Tempe, Ariz.-based US Airways became the latest airline to report strong profit for 2012, another signal of a resurgence of the nation's airline industry.
US Airways, which has pushed for a merger with American Airlines, reported Wednesday a record profit of $537 million for the year or $2.79 per share, compared with a profit of $111 million in 2011.
For 2012, total revenues for US Airways reached $13.8 billion, up 5.9% over 2011, with revenue per available seat miles up 3.9% and the average percentage of filled seats at 82.9%, compared with 82.3% in 2011.
The latest earnings report follows projections by industry analysts that every major airline in the country, except for American, which filed for bankruptcy last year, will report annual profits for at least the third consecutive year.

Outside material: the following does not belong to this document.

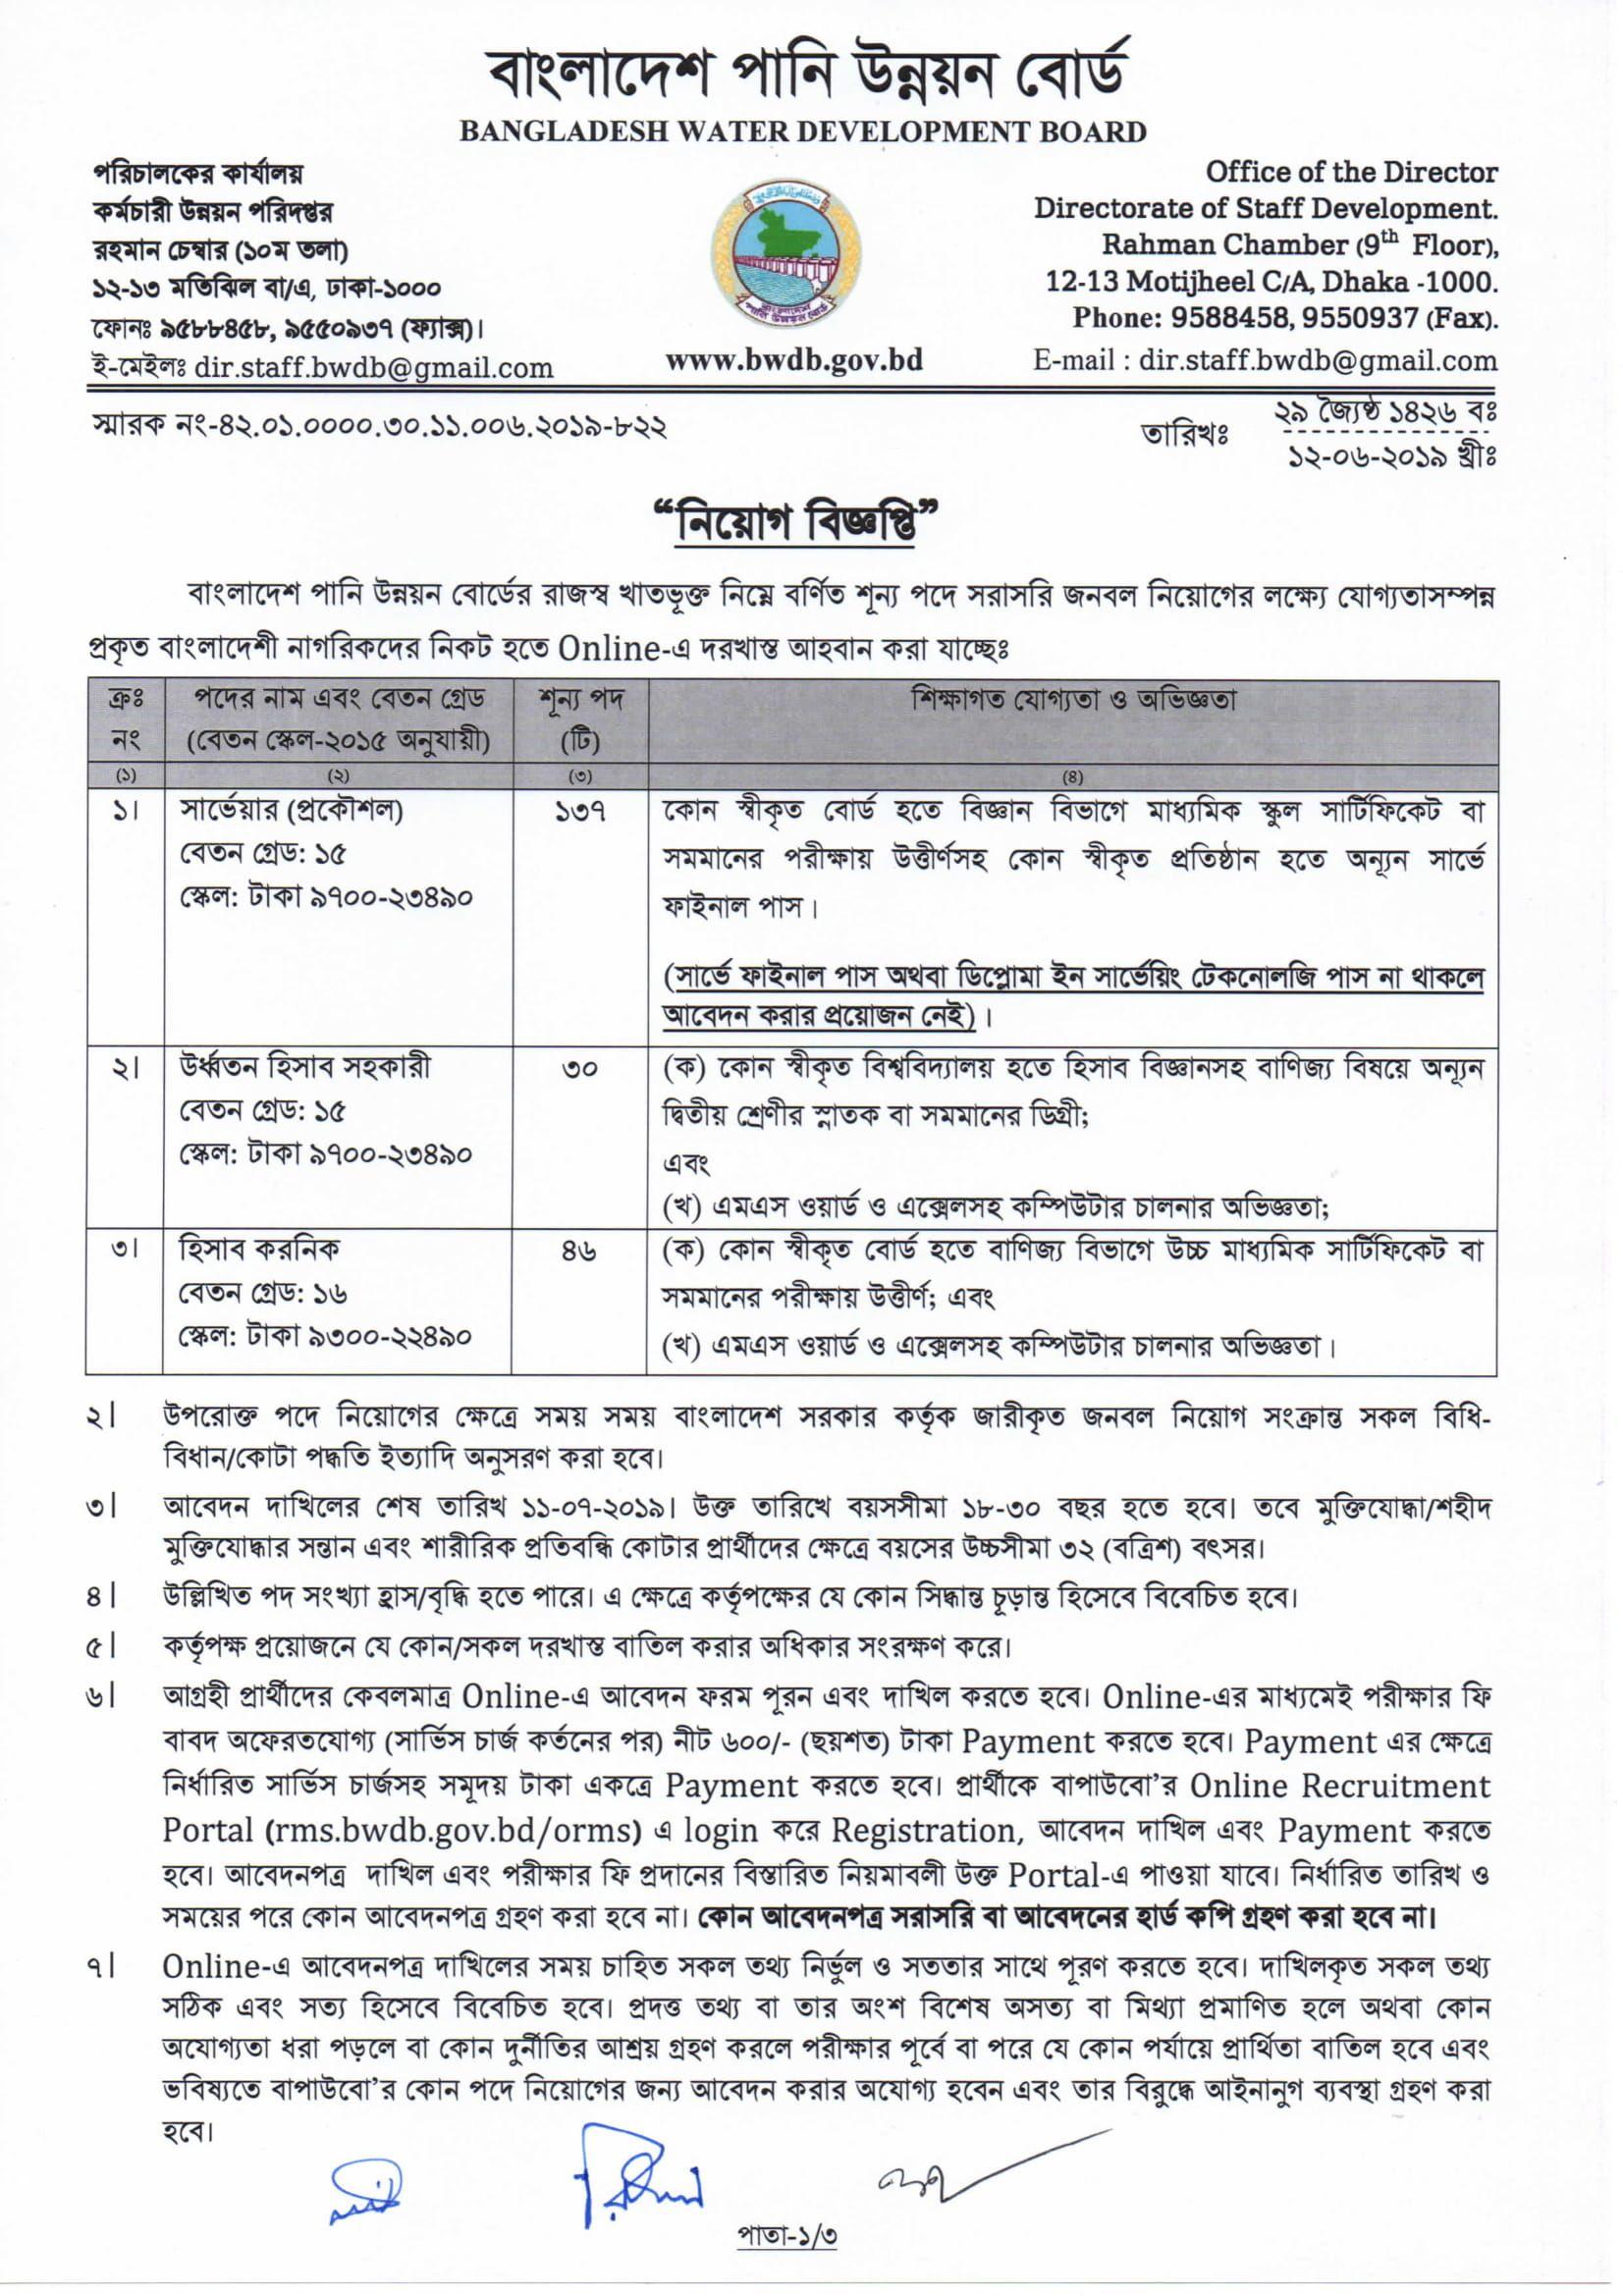 BWDB Job CIrcular 2019 | Online Apply Link - www bwdb gov bd

In 2012, the average domestic airfare rose about 4%, according to industry projections, and airlines continue to generate strong revenues from passenger fees, such as charges to check bags, buy food and get access to on-board wireless Internet.
Even AMR, the parent company of American Airlines, showed signs of financial improvement in 2012. For the year, the airline reported a net loss of $130 million, excluding reorganization costs and other special items, a $932-million improvement over 2011.
"We have made enormous progress towards building the new American," said Tom Horton, AMR's chairman and chief executive officer.